GroundFloor Media & CenterTable Blog

Yes, traditional news media is dying, but the news part is alive and well and even thriving on a variety of online mediums. Recently a new Pew Research Center study looked at trends around how Americans get their news. What I found most interesting were the results: the impact of digital platforms on traditional news sources. As a former newspaper journalist, I know first-hand that fewer people are reading the paper, but this survey confirms that the public is just getting their news from other sources. And more people are following the news.

The study shows that on a given day Americans spend 57 minutes getting news from television, newspapers and radio. That time has remained constant for the last decade. But the study found people are adding an additional 13 minutes of news consumption gathered from the Web.

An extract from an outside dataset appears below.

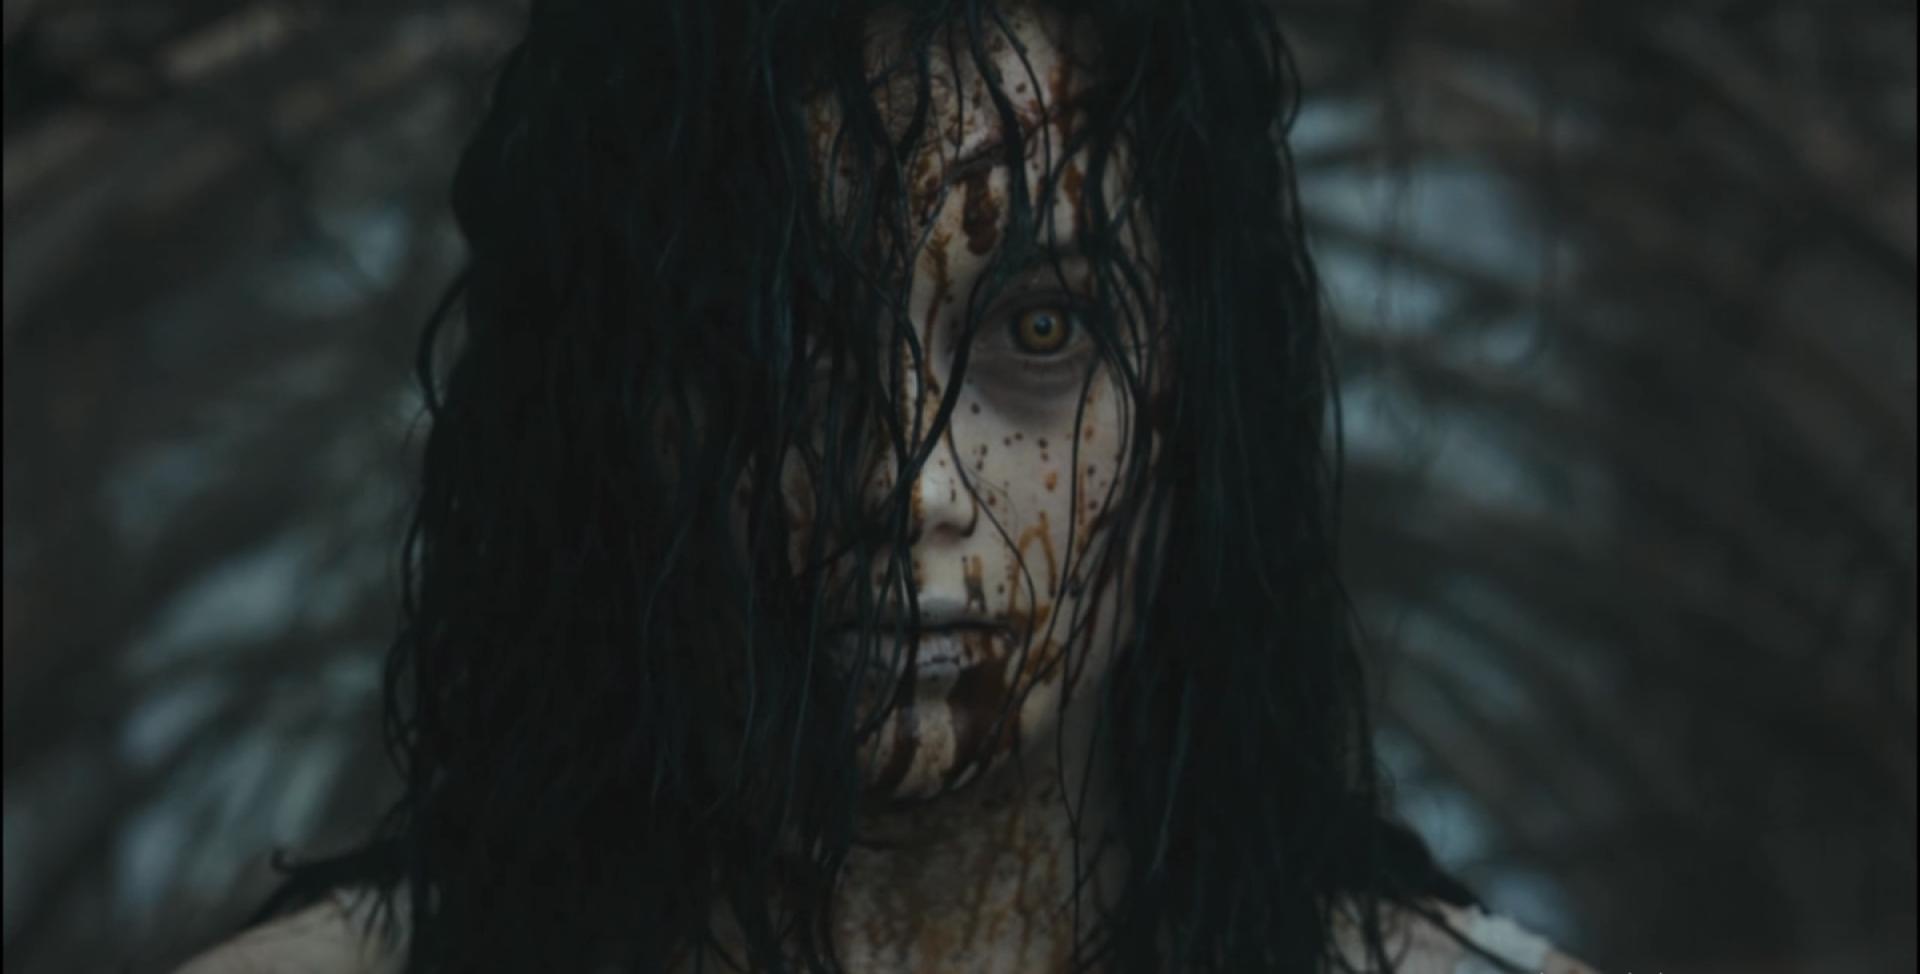 evtized_horrorfilmjei_4_kep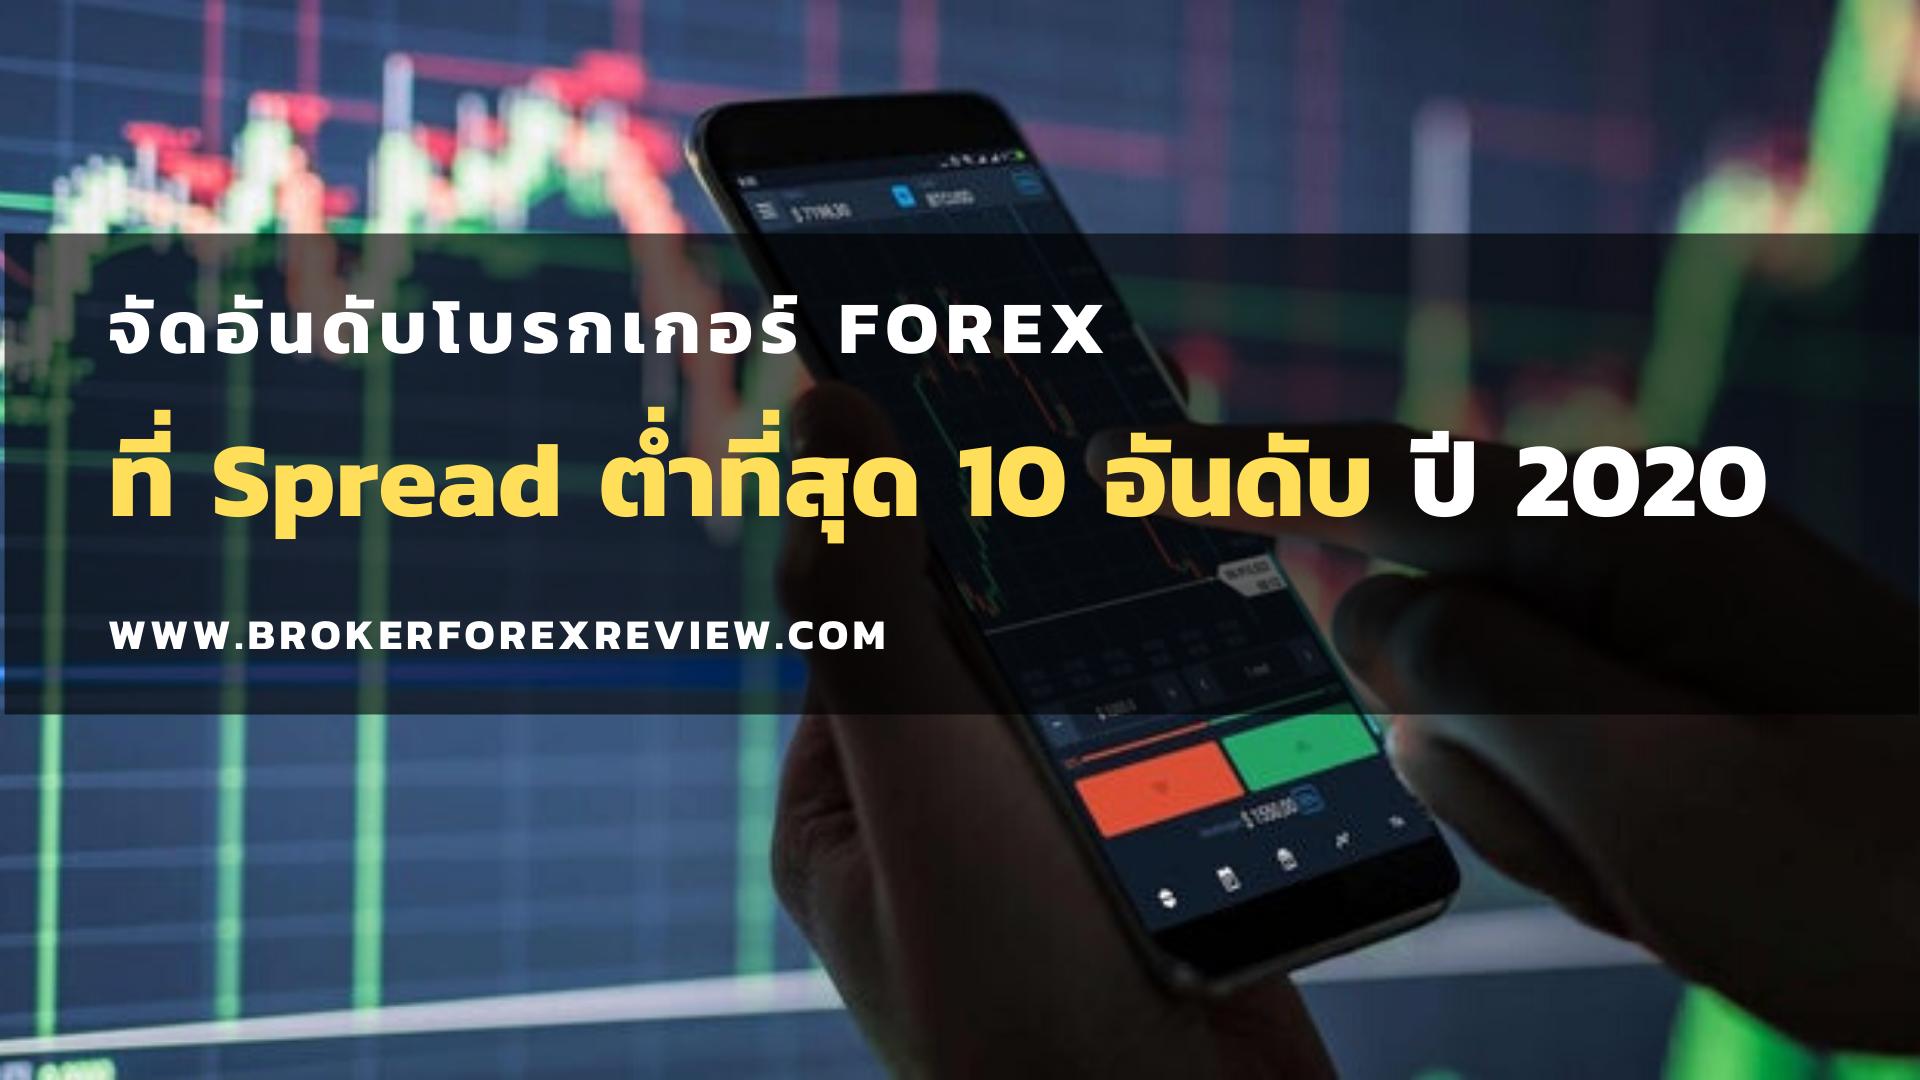 โบรกเกอร์ Forex สเปรดต่ำ ที่สุด 10 อันดับ ปี 2020

And the online numbers, as the survey report notes, do not include time spent getting news on cell phones or other digital devices, the arena where news producers are now focusing so much of their effort and seeing so much potential.
Some of the study’s highlights include:

• 83 percent are getting news from a wider variety of sources
• 34 percent of the public say they went online for news – on par with radio and slightly higher than daily newspapers
• When cell phones, email, social networks and podcasts are added in, 44% of Americans say they got news through one or more internet or mobile digital sources
• 26 percent said they read an actual newspaper, down from 38 percent in 2006
• While 26 percent of all Americans say they read a print newspaper, that figure falls to just 8 percent among adults younger than 30
• 37 percent said they got news from a newspaper, including online editions, down from 43 percent in 2006
• 19 percent said they read a magazine, down from 33 percent in 1994
• 75 percent of Americans report getting news from one or more of these mediums: 58 percent watching television news, 34 percent listening to news on the radio, and 26 percent reading a print newspaper. This compares to the 44 percent who got news via the Internet or another digital platform.

What does it mean for the future of our industry? We recently worked with a GroundFloor Media client to get an editorial placed in the online version of a newspaper, and the results were overwhelming. The piece showed up on searches, RSS feeds and was rebroadcast on a variety of sites. Before, we would have simply tried to get it placed in the print publication, and as many of you know, not an easy task given the shrinking newspaper space. But now, we have more, and sometimes better options in the online world. And as this study supports, that’s were people are going for news anyway.